Javier "Javi" Moreno Sánchez (born 20 June 1997) is a Spanish professional footballer who plays as a left winger for Polish club ŁKS Łódź.

Club career
Born in Almería, Andalusia, Moreno started his career with CD Oriente, and subsequently represented Los Molinos CF and La Cañada Atlético CF. In July 2014 he returned to Los Molinos, and made his first-team debut on 23 August by starting in a 0–1 Tercera División home loss against UD San Pedro.

In January 2015, after three appearances with the main squad, Moreno signed for UD Almería and returned to youth football. He first appeared with the reserves on 20 December 2015, coming on as a half-time substitute for Kiu in a 1–3 away loss against Real Betis B in the Segunda División B.

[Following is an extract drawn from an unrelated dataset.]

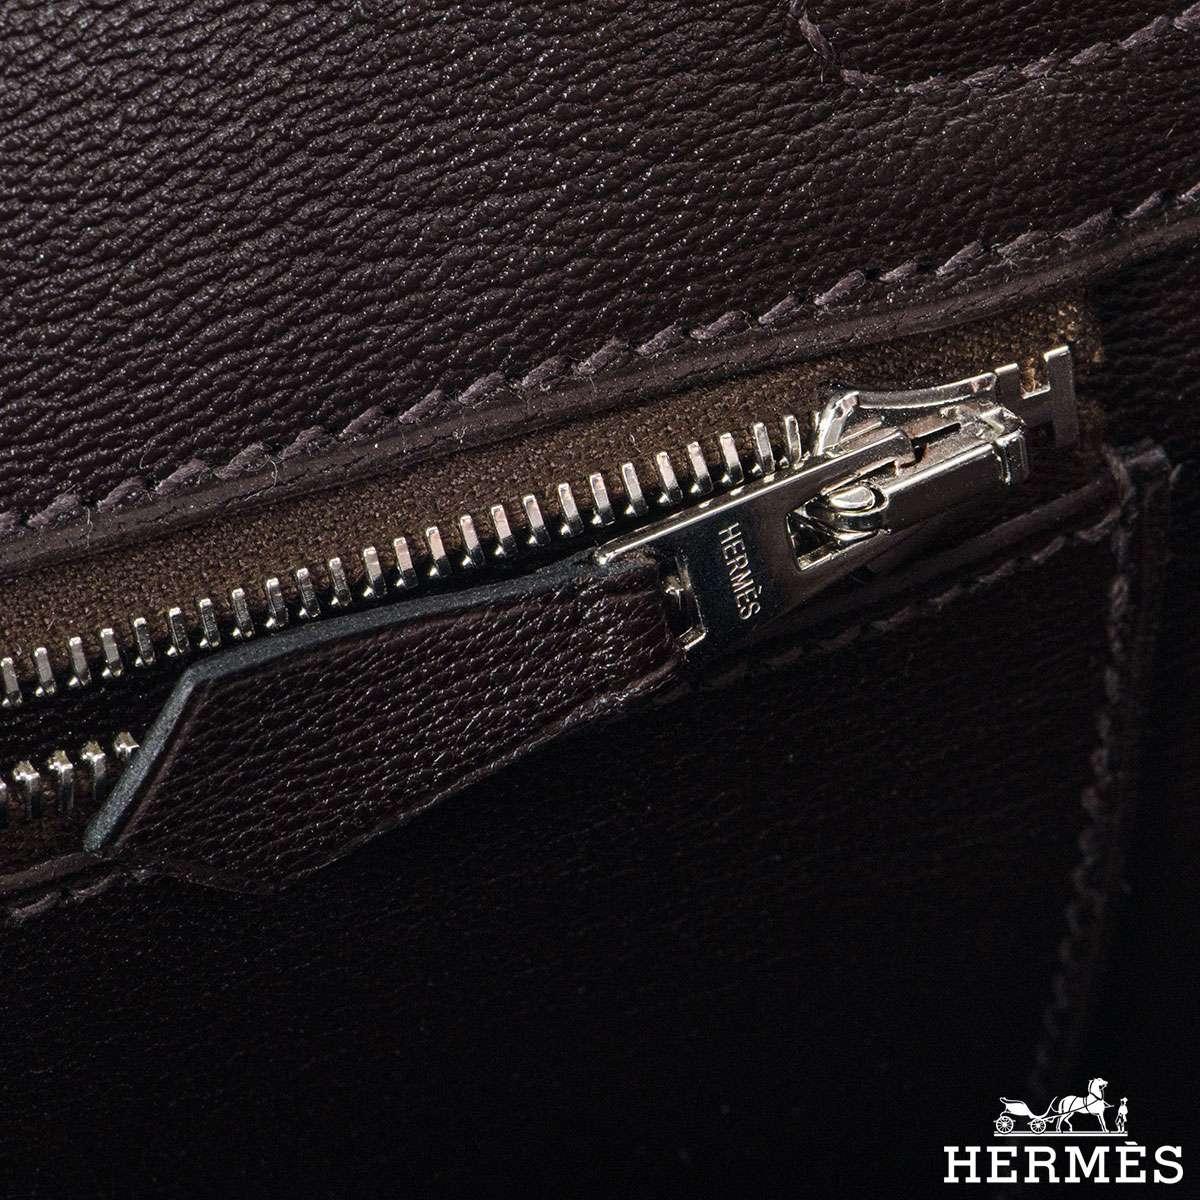 Hermès 25cm Cacoan Shiny Niloticus Crocodile Birkin Bag

On 28 August 2016 Moreno scored his first senior goal, netting his team's second in a 4–1 home routing of CD Alhaurino. The following 29 March, he suffered a serious knee injury and remained sidelined for seven months.

On 21 August 2019, Moreno signed for UCAM Murcia CF in the third level. On 8 June 2021, he moved abroad for the first time in his career after agreeing to a contract with Polish I liga side ŁKS Łódź.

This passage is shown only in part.